Blending a little old with a lot of bold, Empire State South conquers new Southern territory
“This is so pretty I'd wear like a brooch.” That’s what my wife, Blair, said when her entrée of bay scallops arrived on an alabaster wave of pureed cauliflower. “Cynthia Wong is a badass.” That’s what I said, later that same night, when I bit into a button of maple flan, shawled in a Tokay-spiked caramel.
A dozen years have passed since Hugh Acheson opened Five & Ten, a white-tablecloth
restaurant in Athens, Georgia, with a bare-knuckle approach to flavors. He built his reputation paying homage to the South without bowing to provincial ways. That thinking led to dishes like cornmeal-dusted sweetbreads with tarragon jus and grits custard. And bourbon lobster bisque. And a palate cleanser of cubed watermelon sprinkled with cayenne, inspired by Mexican street food vendors.
At Empire State South, Acheson’s newest restaurant, set, incongruously, on the ground floor of a bank building in Midtown Atlanta, Ryan Smith is the insurgent with his grip on the skillet. You already know Wong, the pastry chef. And you should get to know the sommelier, Steven Grubbs. A madman with a yen for Rieslings and Barolos, he has a talent for touting bottles that manage to be both cheaper and better than you expected.

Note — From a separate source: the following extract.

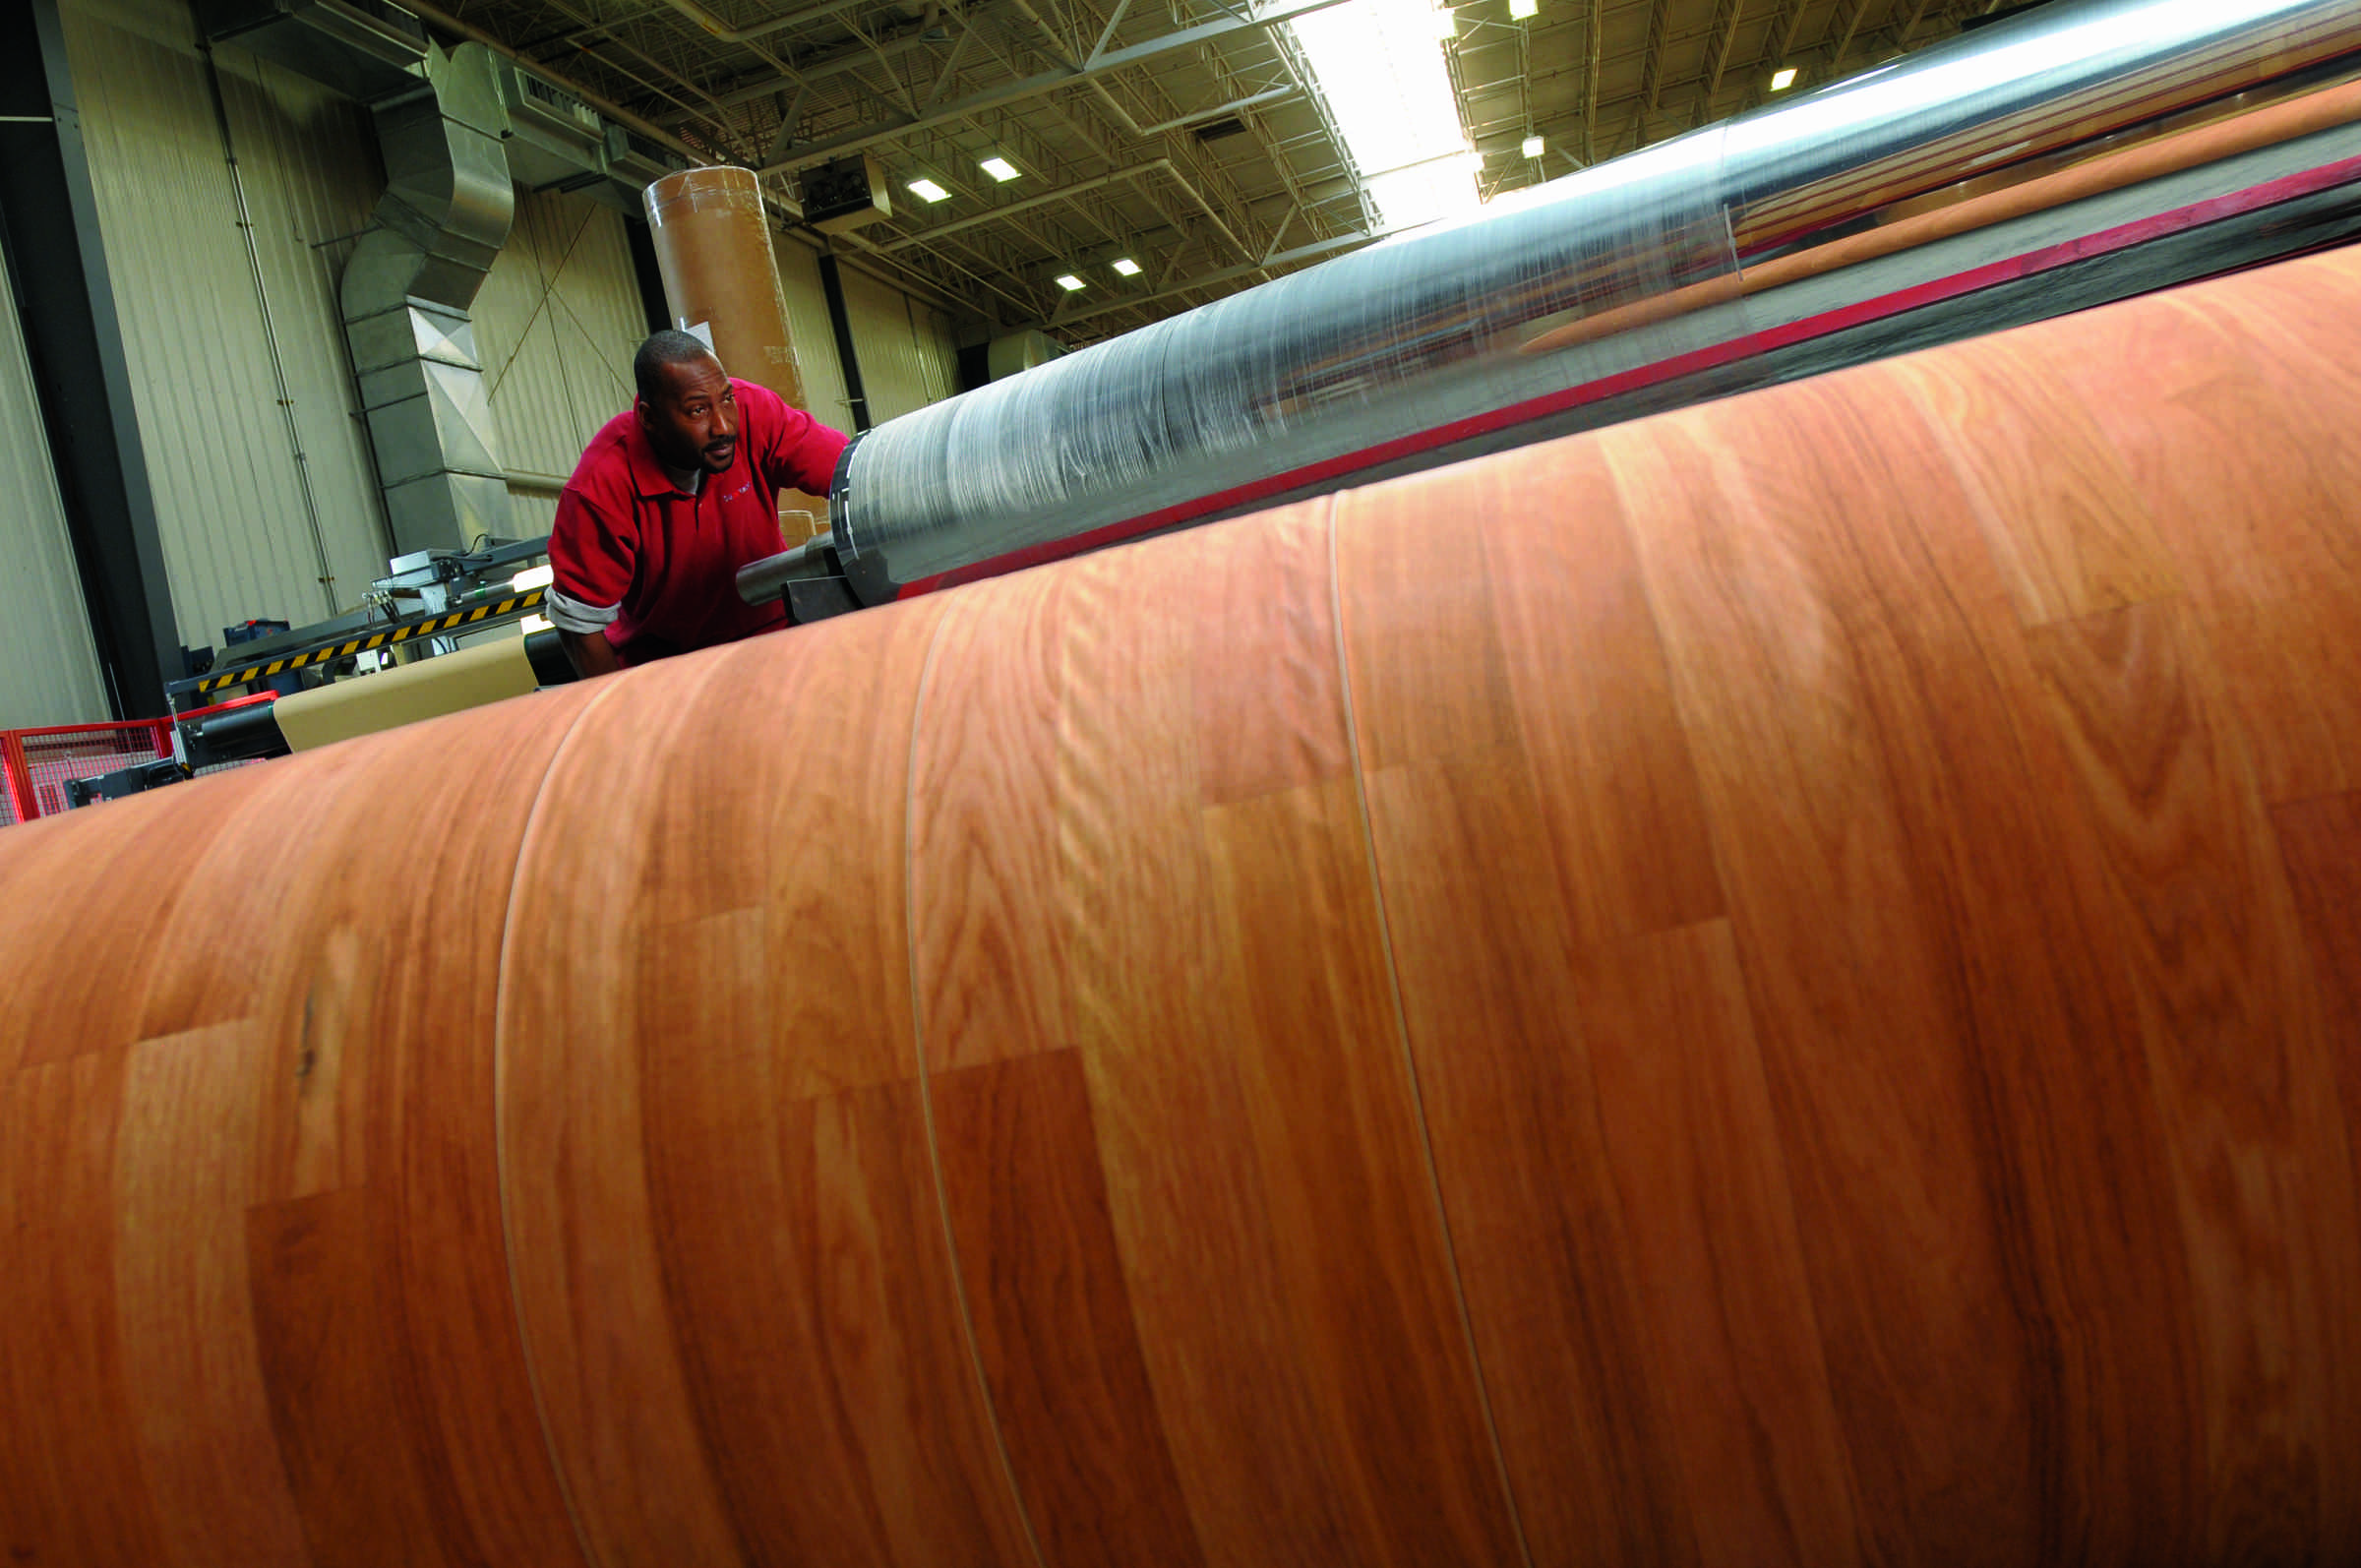 Laminate Flooring rolls out at Suddekor's Agawam, Mass. location.

Acheson originally billed the restaurant as a newfangled meat-and-three, the sort of place where diners could relish a smothered pork chop or a fiddler catfish fillet, paired with sides like braised collards, stone-ground grits, and fried okra. Sure, he sourced better ingredients than the average joint. But the formula was much the same.
Under the leadership of Smith and Wong, Empire State South has gone well beyond the meat-and-three conceit. Other restaurants, inspired by recipes and techniques lifted from antebellum receipt books and plantation ledgers, are making their reps by interpreting various Southern pasts. Instead, Empire State stages expositions of contemporary regional foodways.